(DATA LISTING begins)

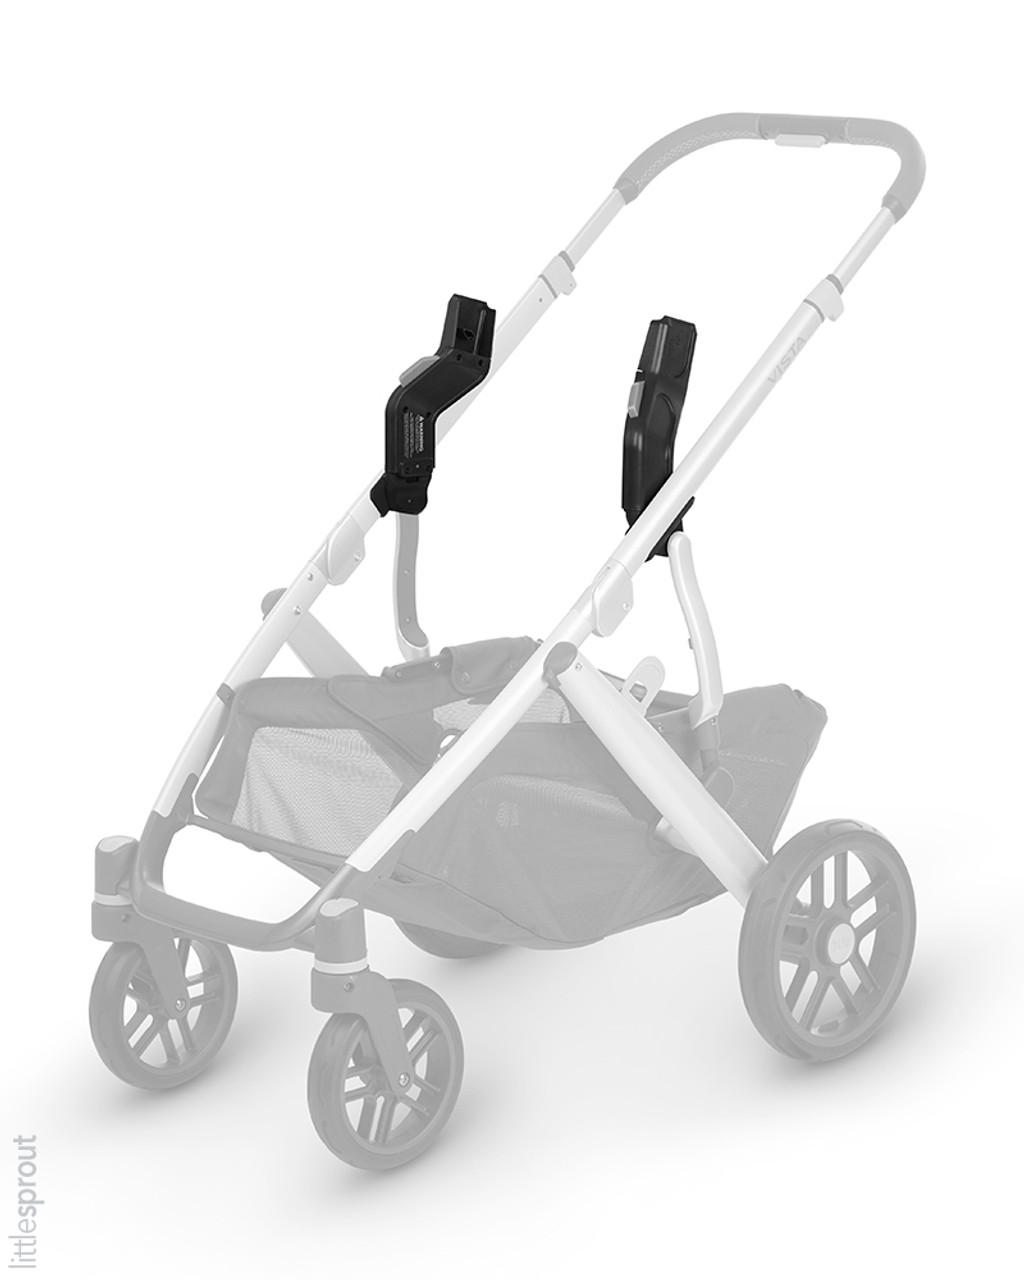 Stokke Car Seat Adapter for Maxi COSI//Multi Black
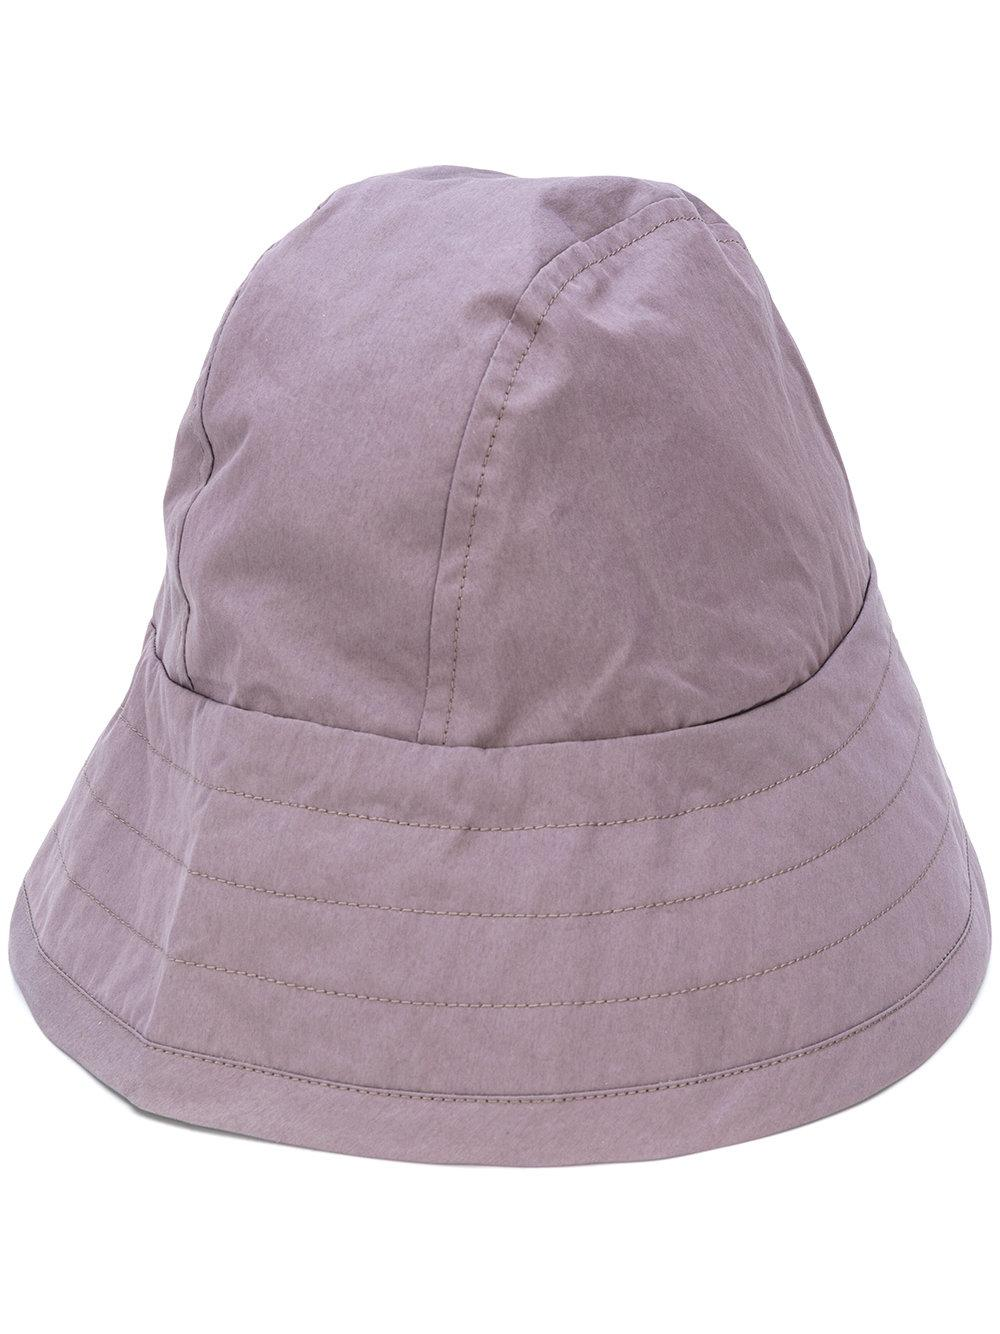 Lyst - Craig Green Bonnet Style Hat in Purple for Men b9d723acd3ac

(DATA LISTING ends)
(DATA LISTING begins)

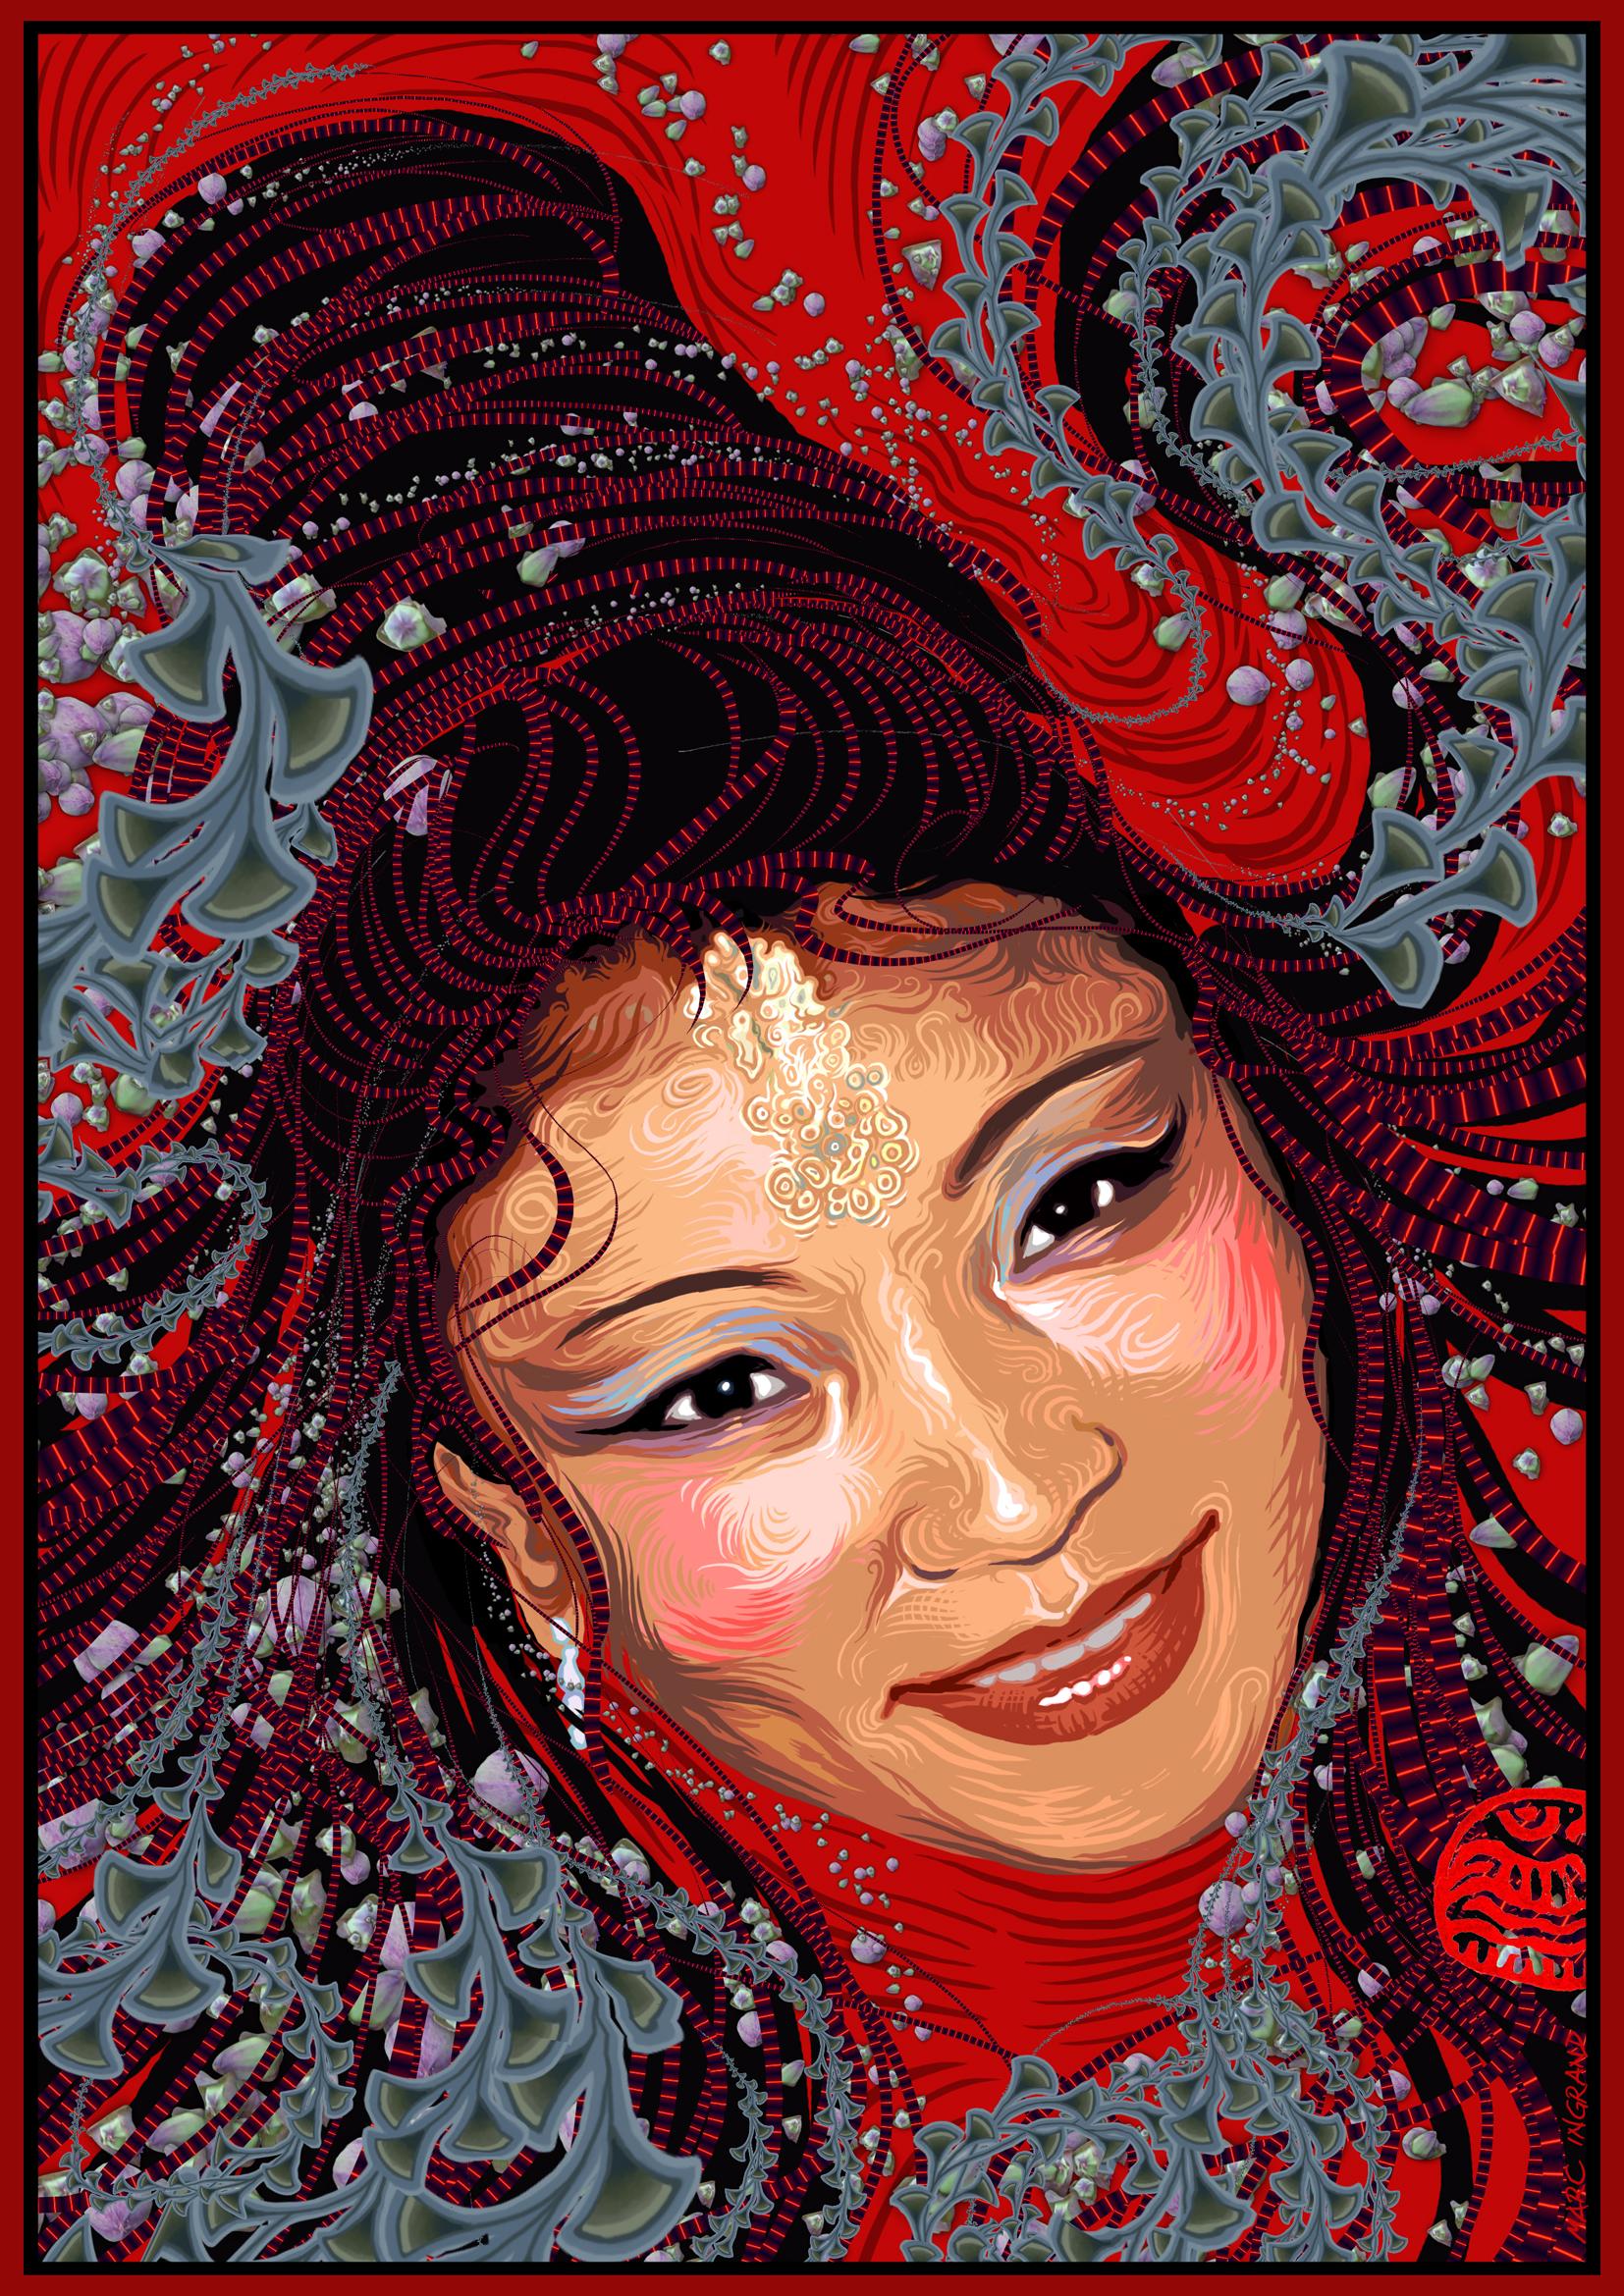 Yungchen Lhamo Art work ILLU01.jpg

(DATA LISTING ends)
(DATA LISTING begins)

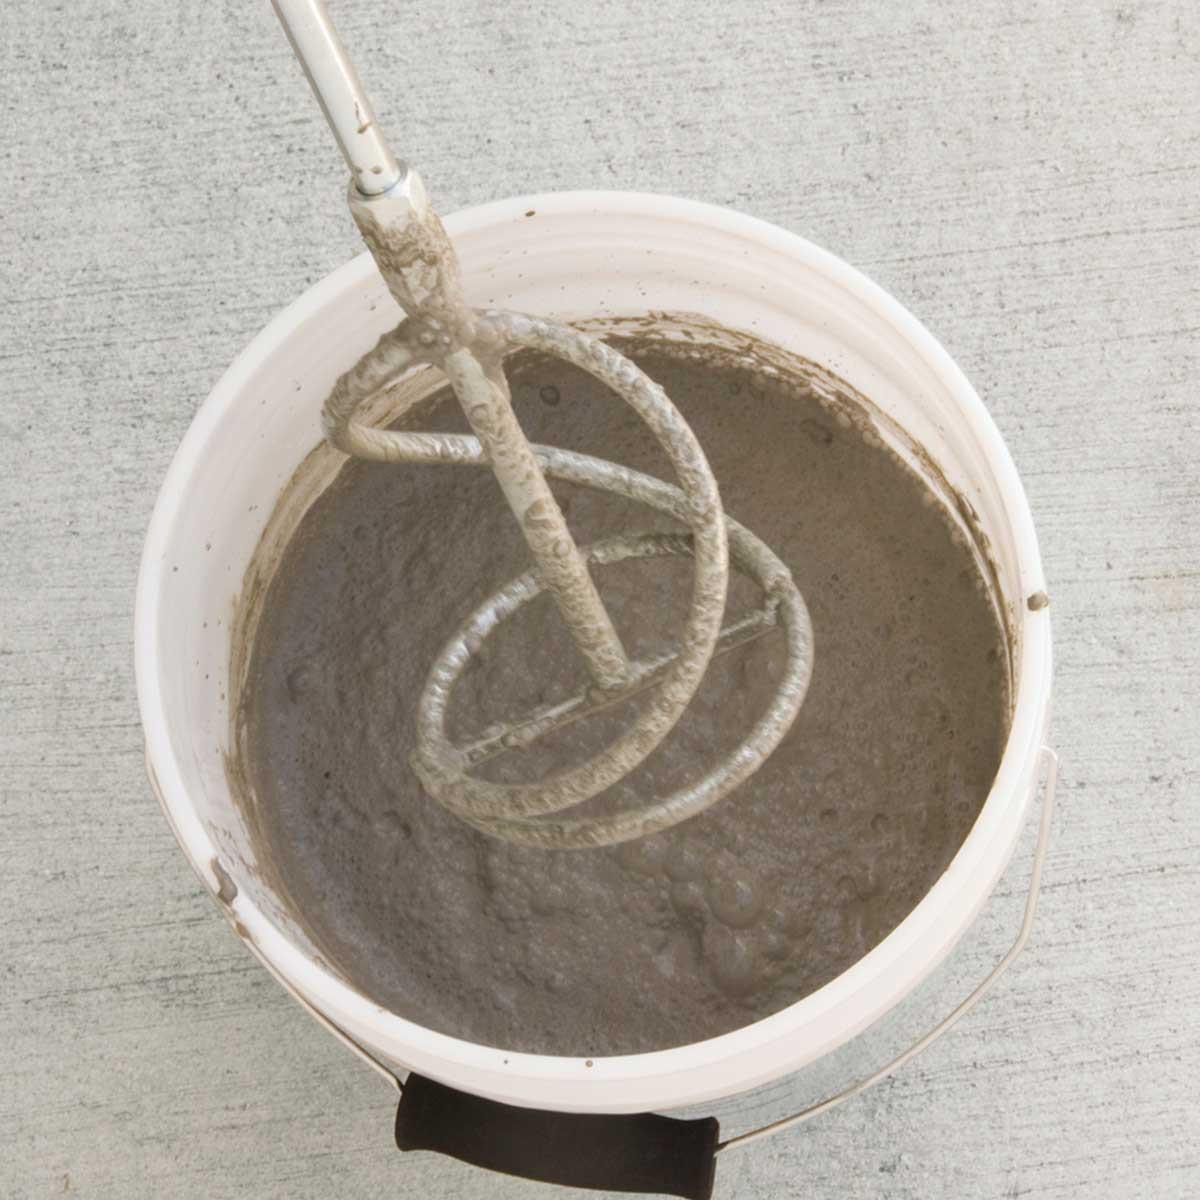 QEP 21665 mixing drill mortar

(DATA LISTING ends)

◆ WHAT THE EXERCISE ASKS ◆
Reproduce the entries exactly, from the line with "Stokke Car Seat" to the line with "Lyst - Craig", both lines included, keeping no pictures.

◆ OUTPUT OF THE EXERCISE ◆
 Stokke Car Seat Adapter for Maxi COSI//Multi Black
 Lyst - Craig Green Bonnet Style Hat in Purple for Men b9d723acd3ac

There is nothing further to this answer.